◆ Given information
»»

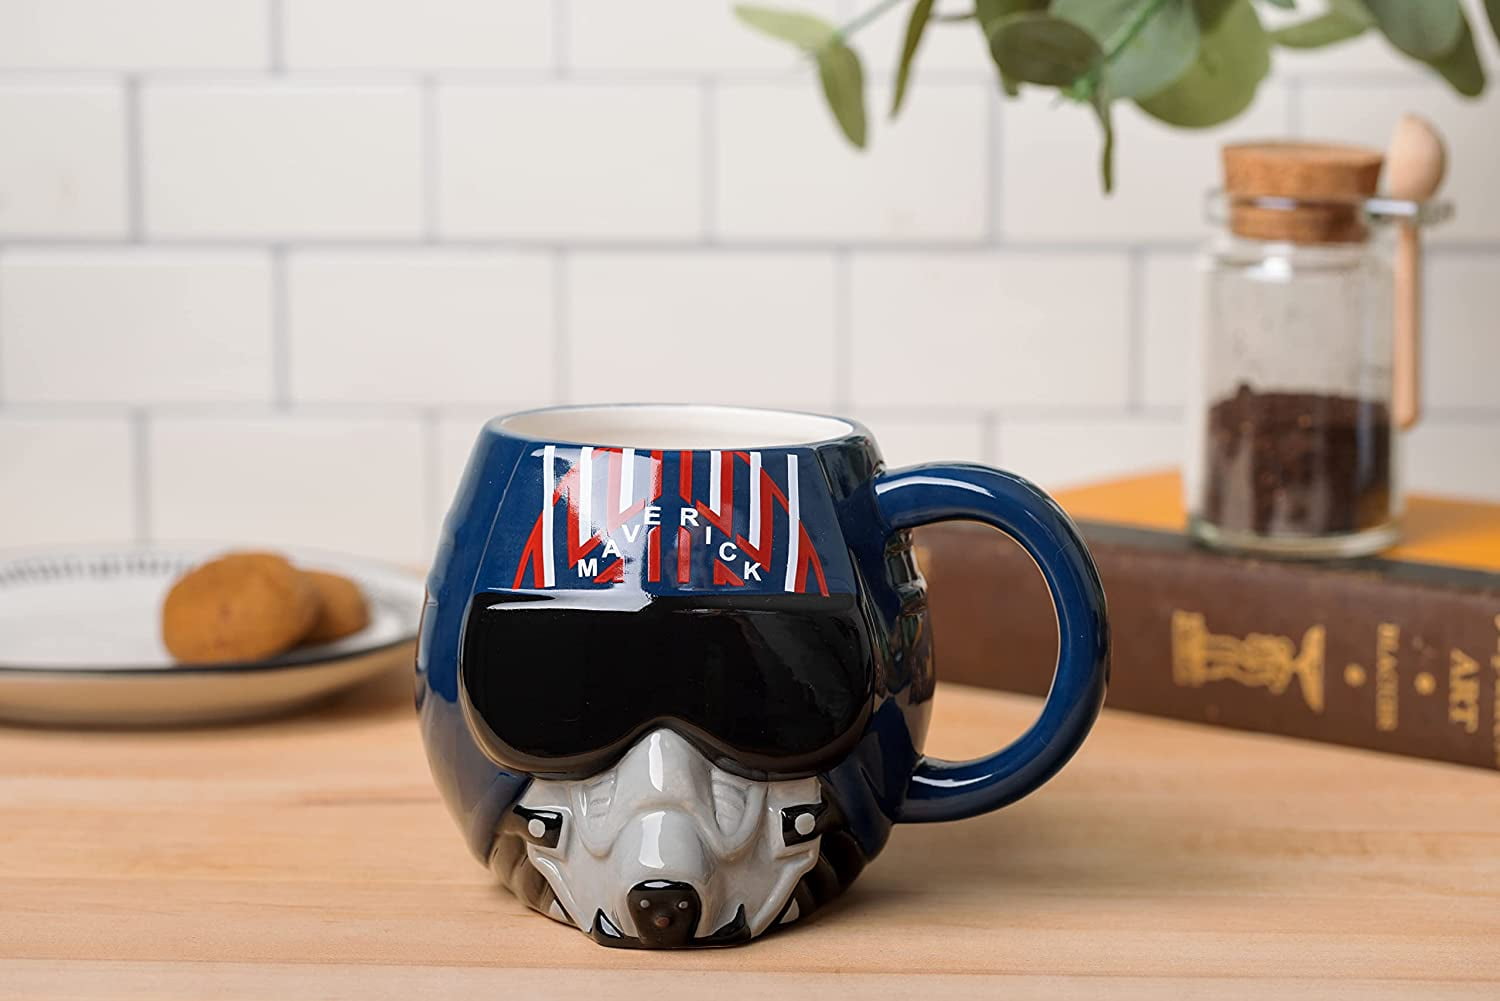 Til Death Star Do Us Part - Star Wars Mug Set
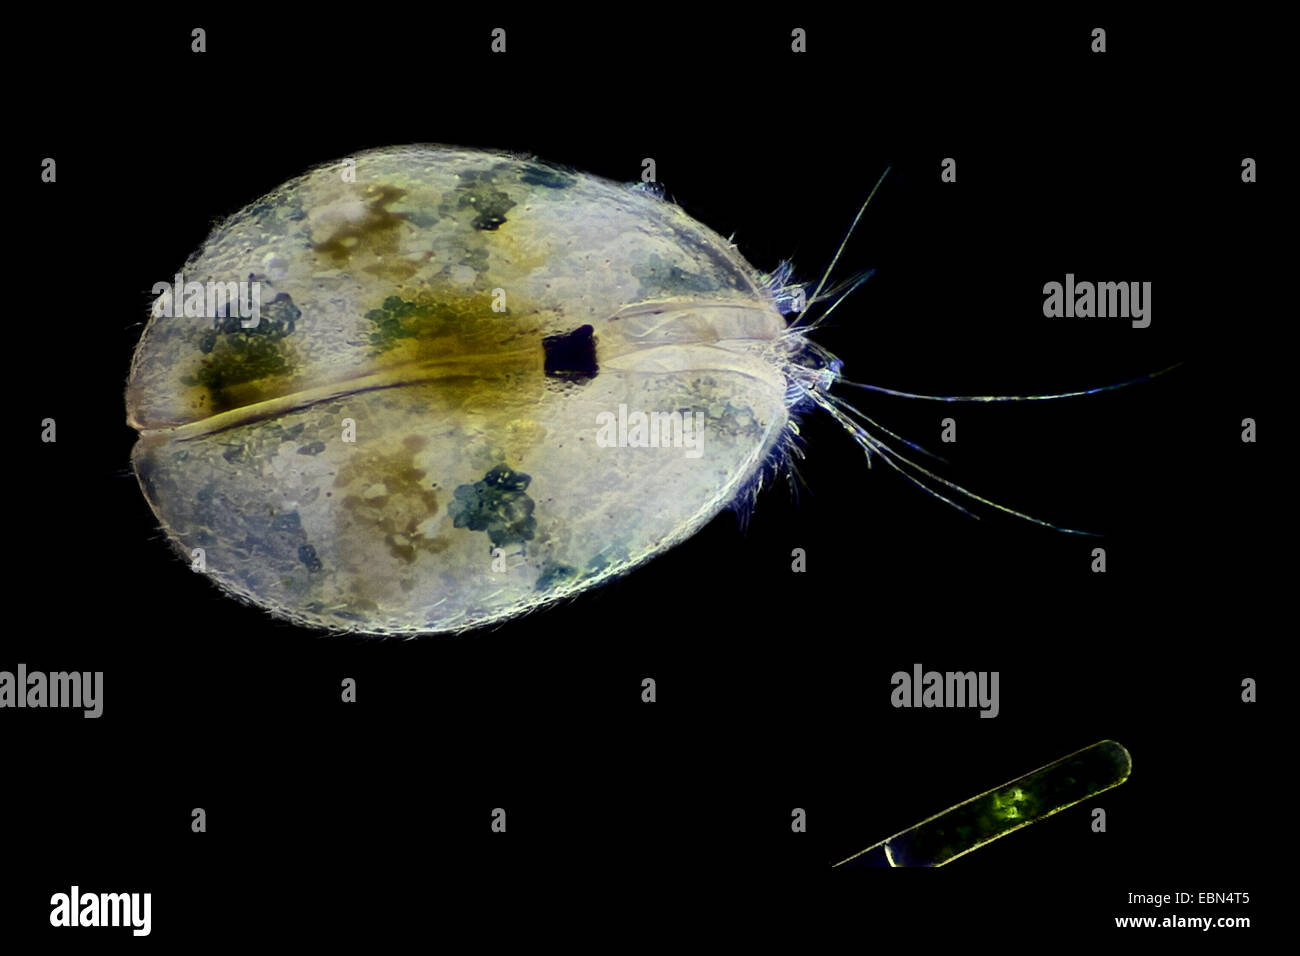 Muschelkrebsen, Schale bedeckt Krustentier, seed Garnelen (Ostracoda) im Dunkelfeld Stockfoto
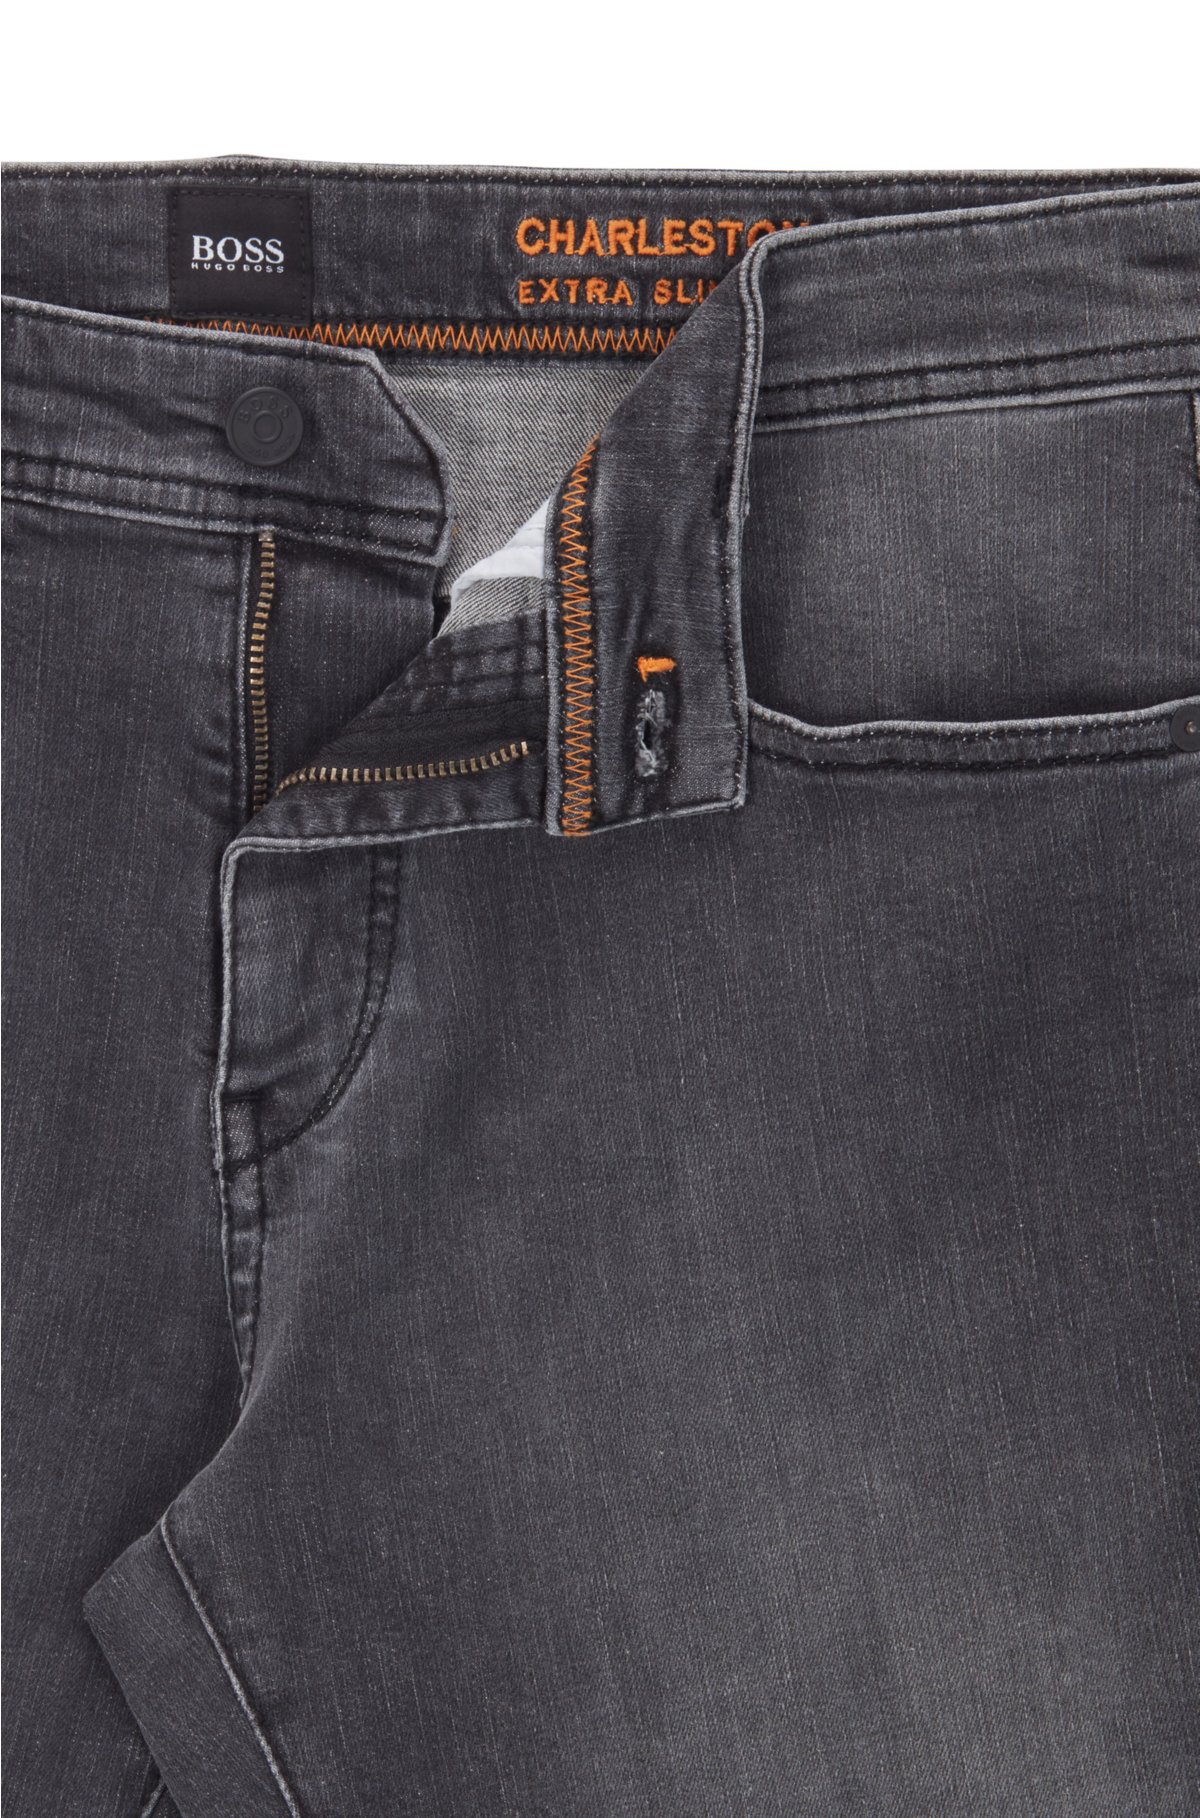 dør spejl Learner emne BOSS - Skinny-fit jeans in black super-stretch denim

««

◆ To do
Repeat the listing above word for word, omitting the pictures.

◆ Response below
 Til Death Star Do Us Part - Star Wars Mug Set
 Muschelkrebsen, Schale bedeckt Krustentier, seed Garnelen (Ostracoda) im Dunkelfeld Stockfoto
 dør spejl Learner emne BOSS - Skinny-fit jeans in black super-stretch denim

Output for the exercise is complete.